Помогая друг другу, они поднялись, уселись на нары.
— Надо выкарабкиваться, — произнес Петр.
— Каким образом?
— Пока не представляю. Сначала надо успокоиться.
— Может, денег дать?
— Кому?
— Какому-нибудь следователю или… судебному приставу.
Петр безнадежно махнул рукой:
— Не возьмут. Испугаются… Был бы кто другой, взяли.
— Может, покаяться?.. Признаться?
— Ты разве не признался?
— Признался.
— Вот видишь… Значит, скоро выпустят.
— Попроси, чтобы меня пока не выпускали отсюда, — взмолился Константин. — Иначе и правда пристрелят.
— Я обращусь к князю Икрамову.
— Икрамову?
— Да, Икрамову. Он ведь возглавляет сыскной отдел департамента.
— Знаю… У него когда-то был роман с Таббой Бессмертной.
— Серьезно?.. Не слышал. Кстати, ее также должны арестовать.

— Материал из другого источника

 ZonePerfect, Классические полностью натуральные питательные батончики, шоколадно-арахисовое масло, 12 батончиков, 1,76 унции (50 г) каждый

— Как бы не пристрелили до этого.
— Все возможно, — Петр повернулся к брату. — Думаешь, кто убил барона?.. Полиция?
— Скорее эсеры. Из опасения, что выдаст информацию.
— Информацию о чем?
— Его вместе с Таббой готовили к покушению на генерал-губернатора.

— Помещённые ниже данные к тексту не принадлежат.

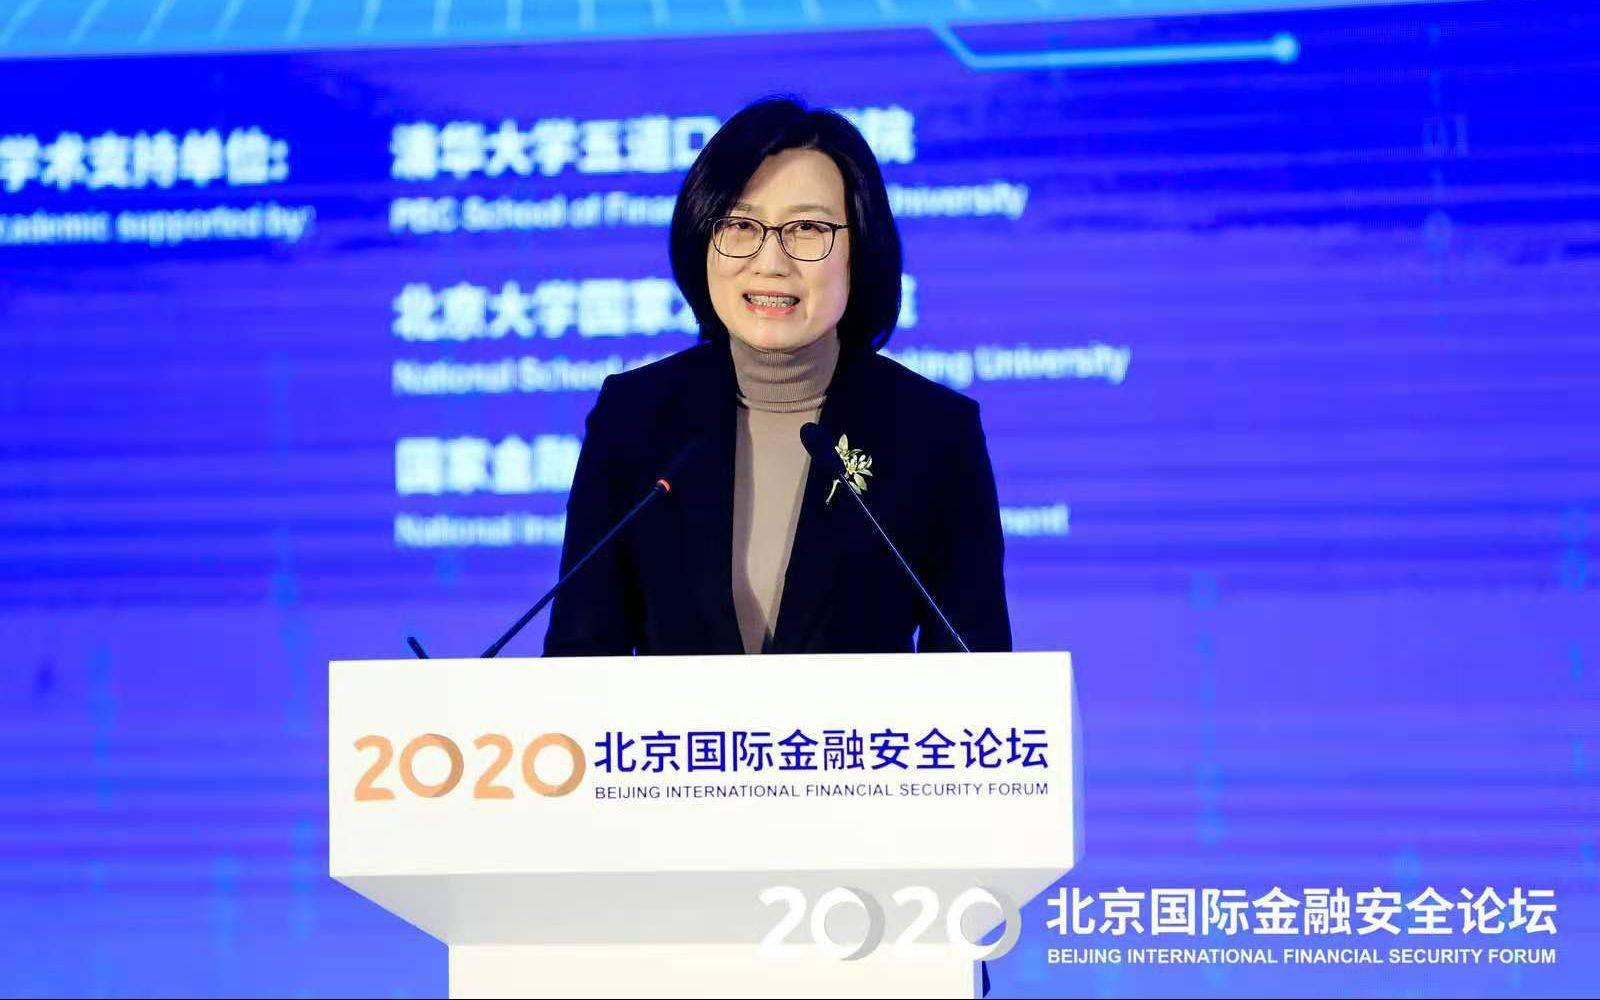 房山区长郭延红:北京金融安全产业园累计税收总额已超10亿元

— Они должны были убить генерал-губернатора?!
— Должны были… Но вот теперь вряд ли получится. Барона убили, Бессмертная в розыске.
— Ну и слава Богу, — перекрестился старший Кудеяров. — А то ведь такая беда могла случиться.
Ночь перешагнула за вторую половину, в тайге было тепло, душно, сыро. Поручик пристроился на мягком холмике из мха и после длинного перехода спал крепко, почти бессознательно.
И вдруг проснулся оттого, что почти рядом послышалось хриплое, захлебывающееся негромкое рычание.
Он резко сел, огляделся.
Со стороны небольшой прогалины на него смотрели несколько пар горящих глаз. Волки…
Никита вцепился пальцами в мох, нашел какую-то палку, поднял ее над головой.
— Не сметь! — крикнул сипло, почти неслышно. — Пошли!
Рычание усилилось — теперь обозначили себя уже несколько волков, и два передних двинулись в сторону жертвы.
— Назад! — закричал Гончаров, поднимаясь и размахивая палкой. — Назад, сказал!.. Вон, твари!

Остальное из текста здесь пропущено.